NEWS

Tackling AMR, the Antimicrobial Resistance

Every year approximately 25,000 people in the EU and about 700,000 in the rest of the world die because of resistance against «antibiotics». What is this phenomenon? How is it possible? What is the EU doing to protect its citizens? What is the contribution of COMECE to counter it?

(Credit: M J Richardson)

The resistance against antibiotics, or Antimicrobial Resistance (AMR), is a worldwide growing phenomenon due to an overuse or an inappropriate use of antibiotics in human medicine, in animal healthcare, in livestock and in plant care, but also due to poor hygiene conditions in hospitals and health care.

AMR could seriously threaten medical treatment of humans and make appropriate treatment of serious illnesses (operations, chemotherapy etc.) very difficult or almost impossible, at least very expensive. The EU started to tackle the problem in 2006 by banning antibiotics as growth promoters in livestock. Other measures were taken, including a conference on the socio-economic aspects of AMR organised by the European Parliament and the new EU One Health Action Plan against AMR launched in 2017 by the European Commission.

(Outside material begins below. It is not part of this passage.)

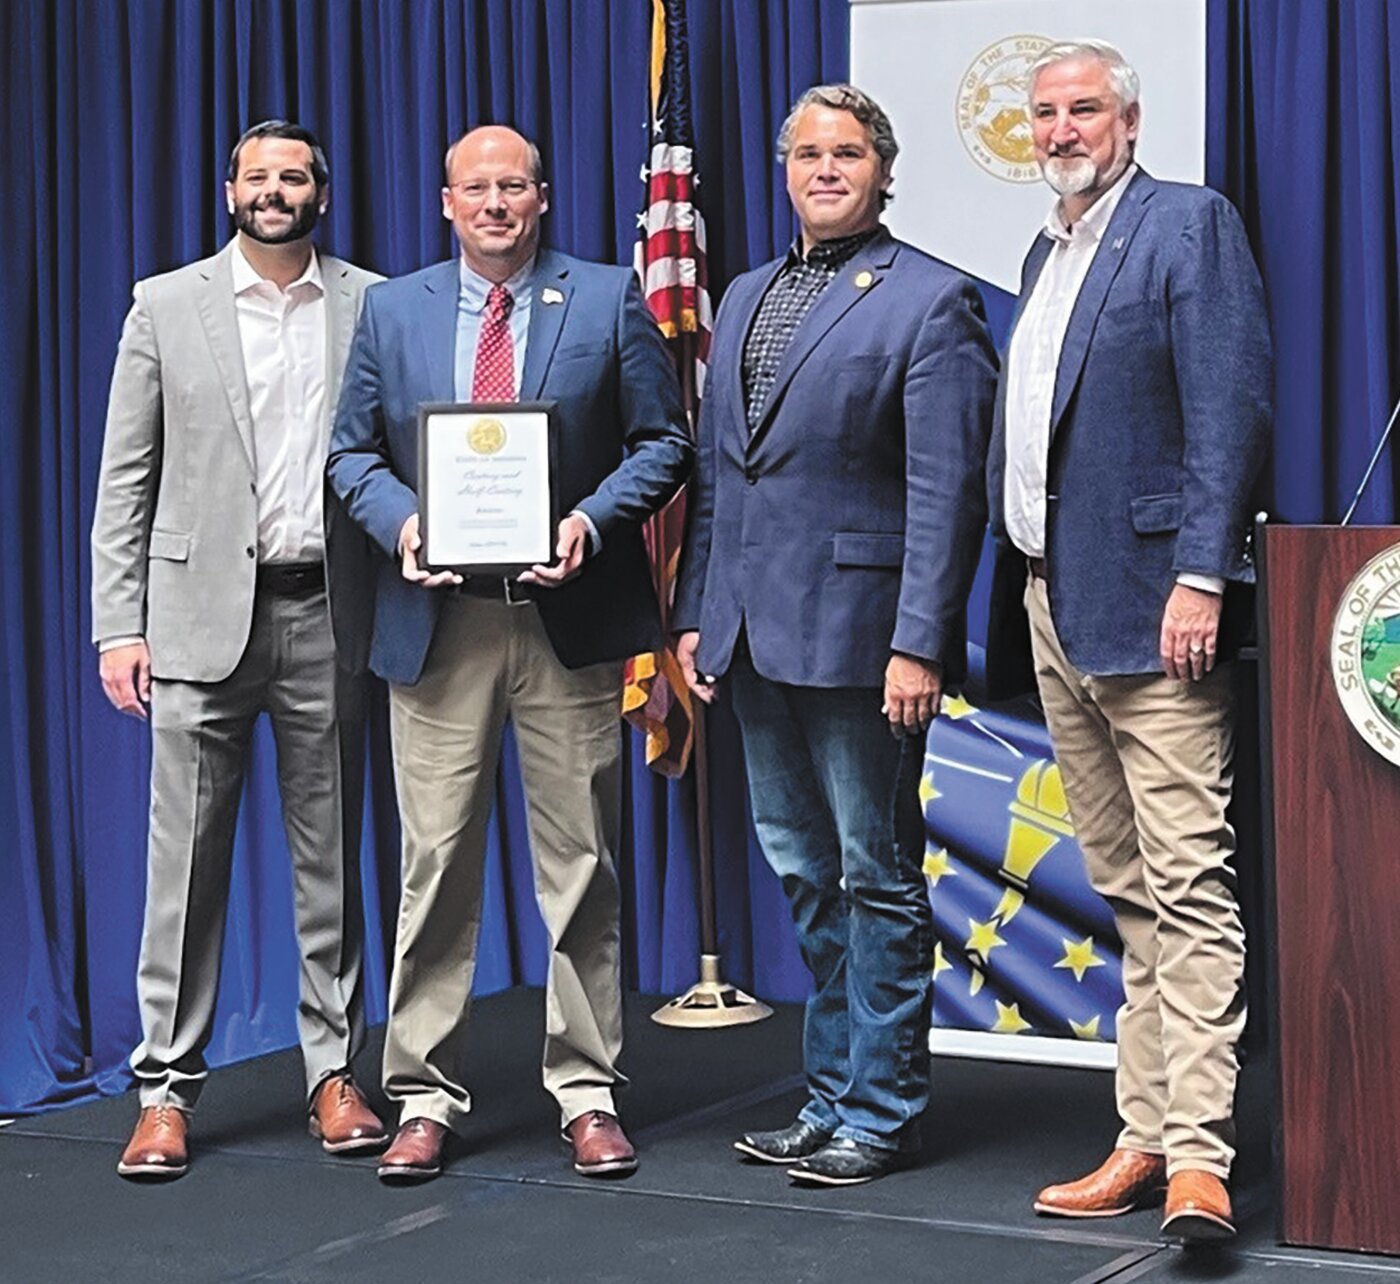 Pictured from left are David Rosenberg, IEDC Chief Operating Officer and Chief of Staff, Matt Howrey, North Salem State Bank President and CEO, Beau Baird, State Representative District 44 and Indiana Gov. Eric Holcomb.

As a major health care and education actor in the EU and at the global level, the Church is interested in analysing the phenomenon and tackling it. COMECE is actively monitoring the EU’s actions against AMR, addressing on the ethical implications from a Christian perspective and highlighting the need for concrete actions to make people aware of the right use of antibiotics in human health care.

In more occasions, COMECE urged the EU institutions to monitor the highly industrialized agriculture sector, where a high number of animals on limited space inveigle farmers to use antibiotics as prophylactic treatment to avoid animal diseases due to stress and overpopulation.

Together with other actors in the European Parliament and in Civil Society, COMECE will follow all dimensions of the phenomenon, trying to create deeper awareness of this problem and the necessity to tackle it within Church institutions.